The cultural demand to produce more never ceases, for in our present lives even a moment of rest is often quickly filled with entertainment designed not to restore but to fill someone else’s coffer—someone who gains from our attention, subscriptions, and views. It seems that consumption is nearly inescapable, and we too are rushing across our lives… just to get to more commercials designed to tell us how to live our lives. And, just as Brueggemann rightly claims, the final results of anxiety and violence—whether personal, relational, or systemic—flourishes in a society that cannot pause long enough to see its own rushed unraveling.

What can we do? We can rest. And the kind of rest we need will only come about through great intention. We must intentionally rest.

Many of us cannot simply step away from work for long stretches of time, but we can integrate rhythms of rest into our lives. Of course, this requires great intention. It means making time for deep rest, for practices that nourish rather than numb. It means setting boundaries around our attention and availability, even when life insists we remain accessible. It means silencing the culture of constant noise and slowing down in a world obsessed with instant everything.

For those in caregiving roles—pastors, mental health providers, healthcare professionals, educators—I believe the call to intentional rest is especially crucial. Compassion fatigue, burnout, and moral injury are the natural consequences of a life lived without rhythms of restoration. We cannot pour from an empty cup. If we are to sustain lives of meaningful service, we must cultivate habits of intentional rest.
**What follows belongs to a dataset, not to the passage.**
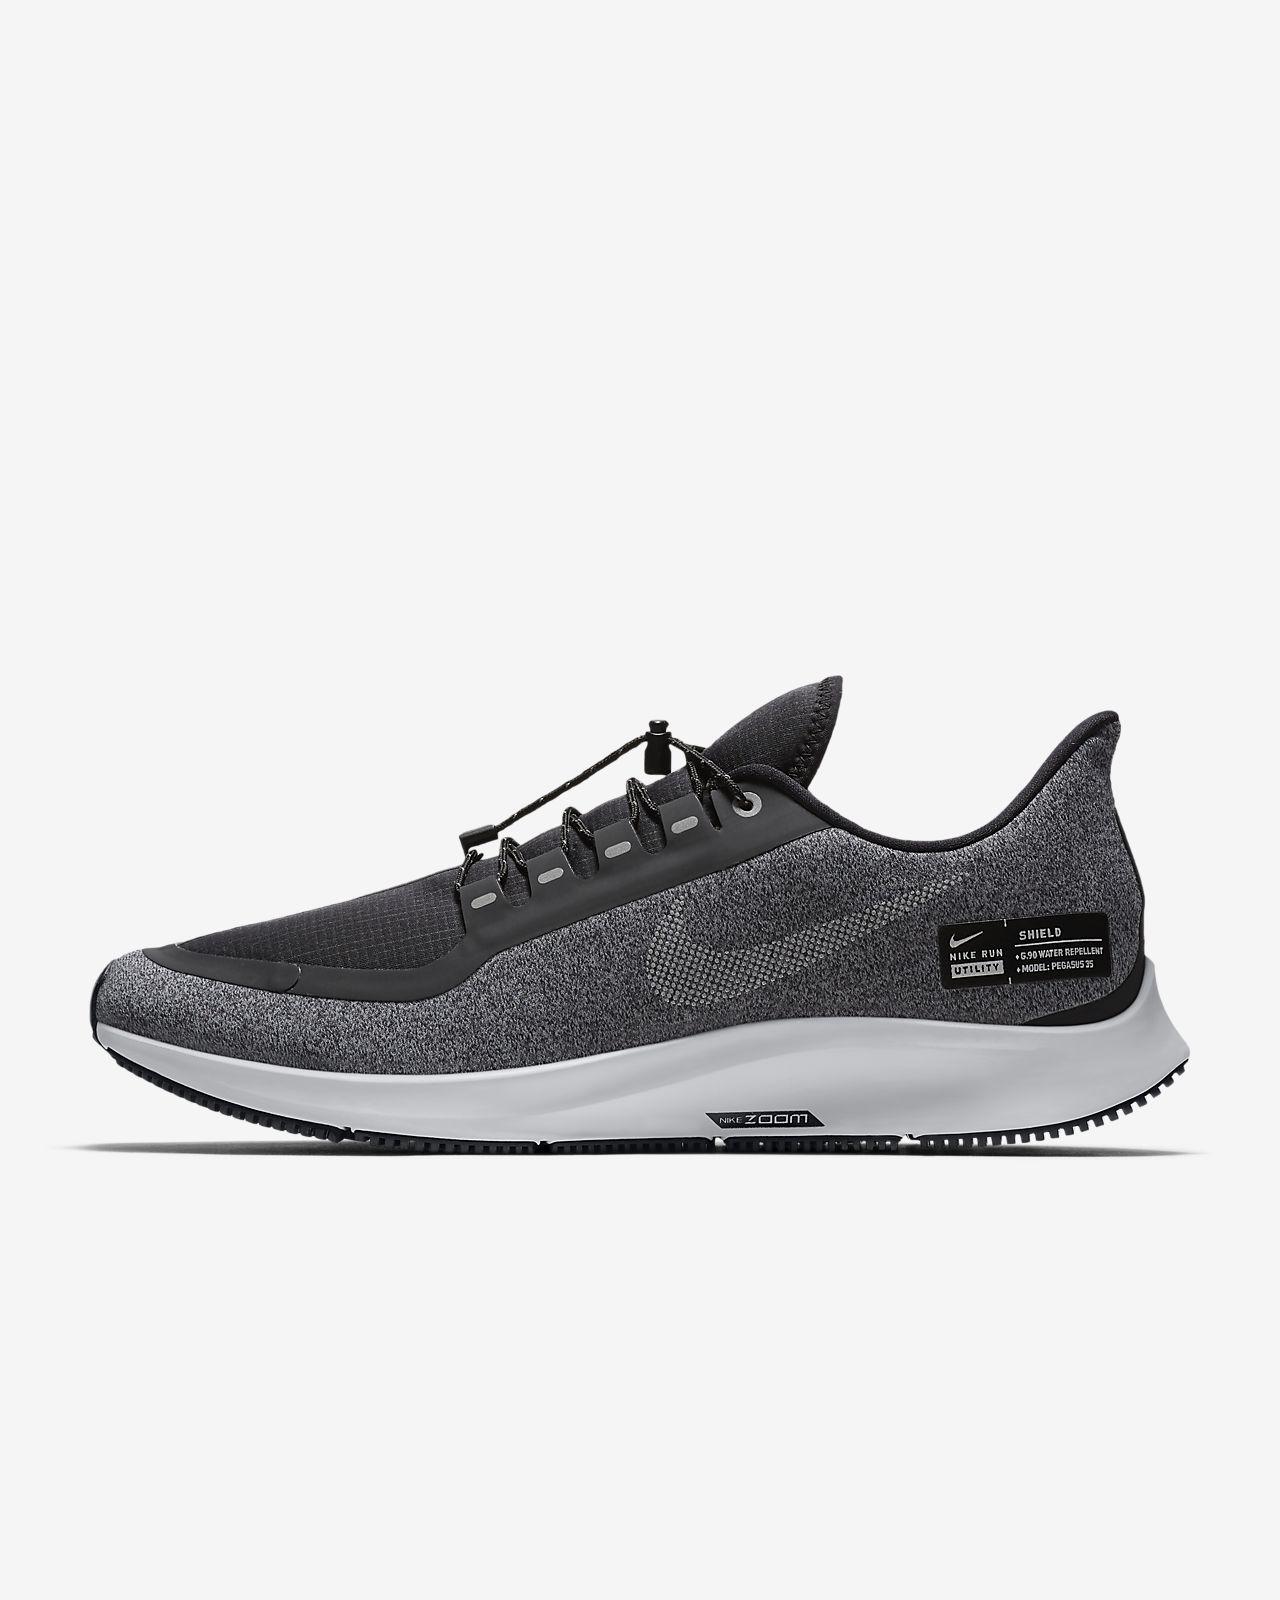 0f9cde5db68 Pánská běžecká bota Nike Air Zoom Pegasus 35 Shield Water-Repellent ...

Today, I invite you to see rest as a spiritual discipline that reorients us toward trust, safety, and belonging—an awareness that our inherent worth is not tied to our work, that the world will keep turning without our constant striving, and that there is something deeper and more meaningful than the endless pursuit of more.

And now…let us put rest into our story. May you rest. And in doing so, reclaim the joy and fullness of your life.